NEXT: The Rise of Inclusive Access

The learning landscape is changing — and it isn’t just a trend.


Integral to the transformation of 21st-century education, course materials are evolving and expanding, including not only traditional print textbooks, but digital models such as OER and courseware. As Generation Z (Gen Z) enters college looking for new ways of learning, institutions are searching for solutions to help lower the costs of course materials and prepare students for the first day of class. Some colleges and universities are meeting that challenge by shifting the emphasis from print to digital, using an inclusive access model.


Major education publishers, including Pearson, McGraw-Hill Education and Cengage, report that inclusive-access programs are seeing significant growth on college campuses in recent years. Where students were previously assigned textbooks — and responsible for finding and purchasing course materials on their own — schools can now provide discounted digital course materials to the entire class. The “inclusive” feature of the model means that every student receives first-day-of-class access to their required course materials, with the costs included as part of their tuition.

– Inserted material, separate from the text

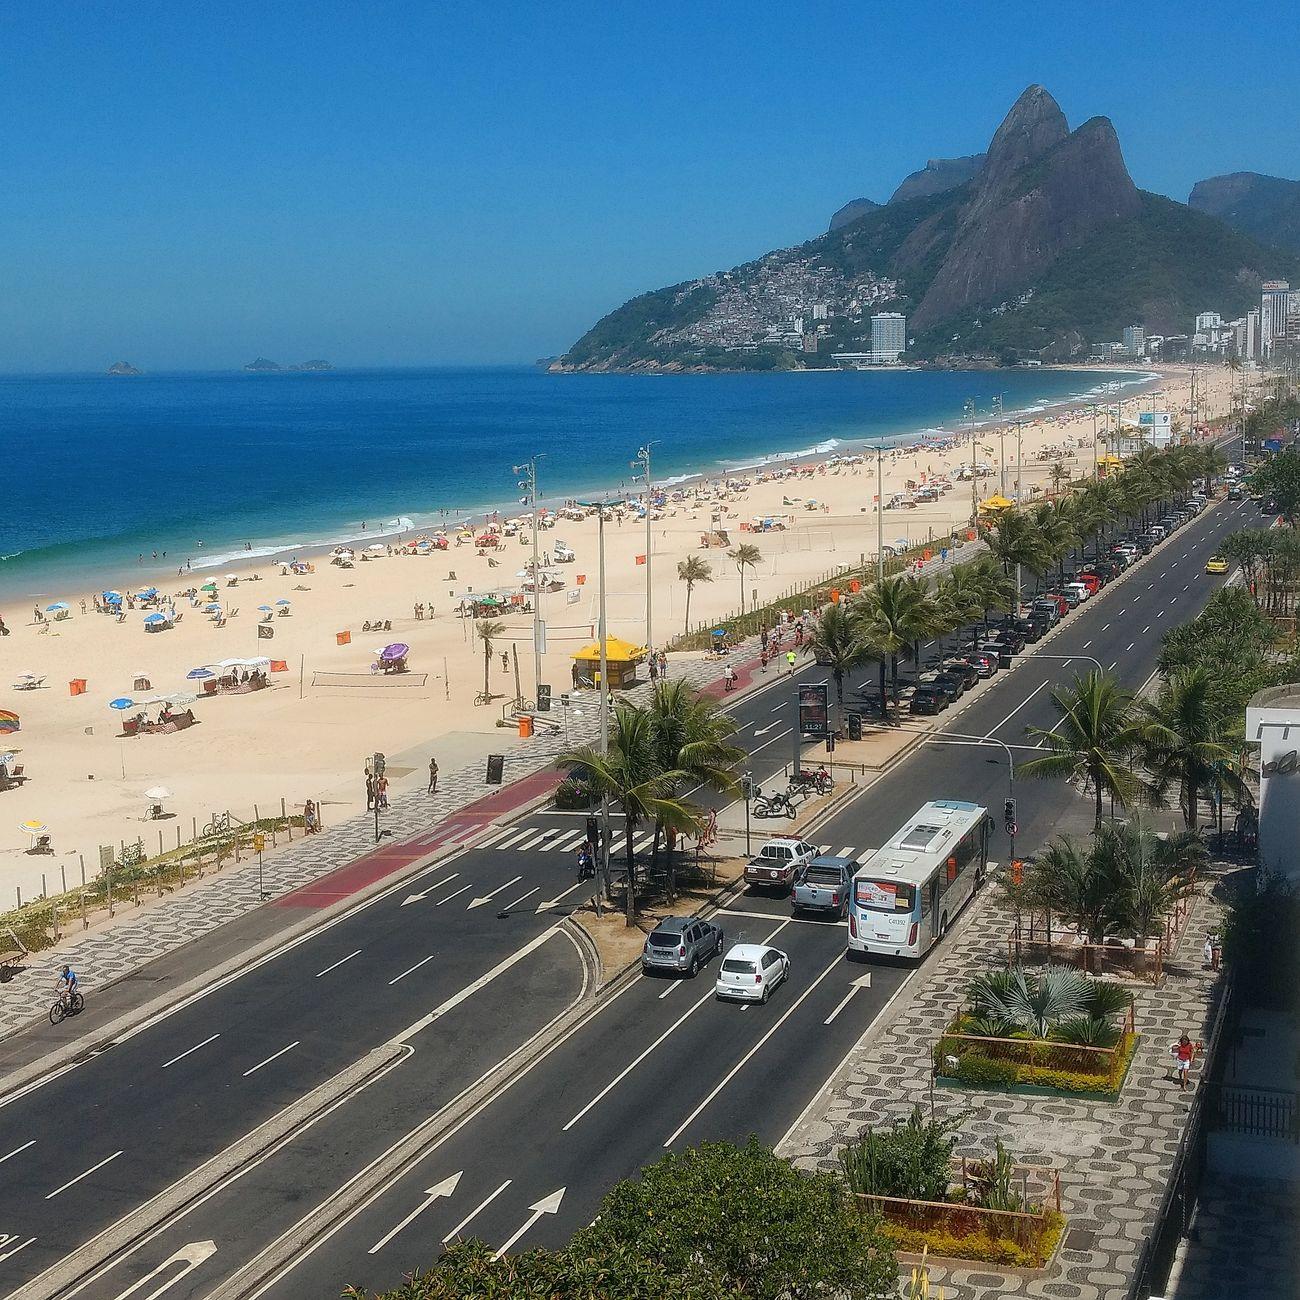 Ipanema Beach Rio De Janeiro Eyeem Fotos Collection⛵ Riodejaneiro Outdoors Rio De Janeiro, Brazil Sky Beach Photography Stree Photography

The National Association of College Stores (NACS) has suggested that campus bookstores are a logical choice to lead inclusive-access programs because of their established relationships with school administrators, students, faculty and publishers. According to NACS, 23 percent of independent college stores had inclusive access programs in place for the 2017–18 academic year, while 32 percent said they were considering adopting an inclusive access program. For Barnes and Noble College, which manages over 750 college bookstores nationwide, the number of campuses using its inclusive access model, known as First Day™, doubled since last year to over 100 campuses.



The expansive growth of inclusive access coincides with a 2015 Department of Education regulation, which allows institutions to include the costs of books and supplies in their tuition. Now, instead of students purchasing textbooks on their own, the costs of course materials are automatically included in their tuition when they enroll. To do this, institutions provide access to course materials through their learning management system (LMS), provide an option for students to opt out, and must partner with publishers to ensure materials are discounted at below competitive market rates.


For faculty members, a key selling point of inclusive access is that students have all the course materials they need on the first day of class. Betsy Langness, a professor at Jefferson Community and Technical College’s Shelbyville campus in Kentucky, has used inclusive access in her classes and values its easy access for students.


“I teach both online and hybrid classes, which include digital content from the publisher,” she said. “Having the course charge included in the students’ tuition made a huge difference in my classes. By allowing students immediate access to the online content, we remove added barriers from the students’ learning process — which means they have a better chance of being successful.”


In a press release announcing an expanded partnership with Barnes & Noble Education to offer inclusive access, Nik Osborne, senior vice president, strategy & business operations for Pearson, said the benefits of early access to learning materials was clear.


“The evidence is overwhelming that student performance improves, and faculty can begin instruction immediately, when course materials are available on the first day of class,” Osborne said. “Inclusive access helps support these efforts by providing all students with day-one access to their required course materials at an affordable price point.”


Article reposted from Barnes & Noble College NEXT.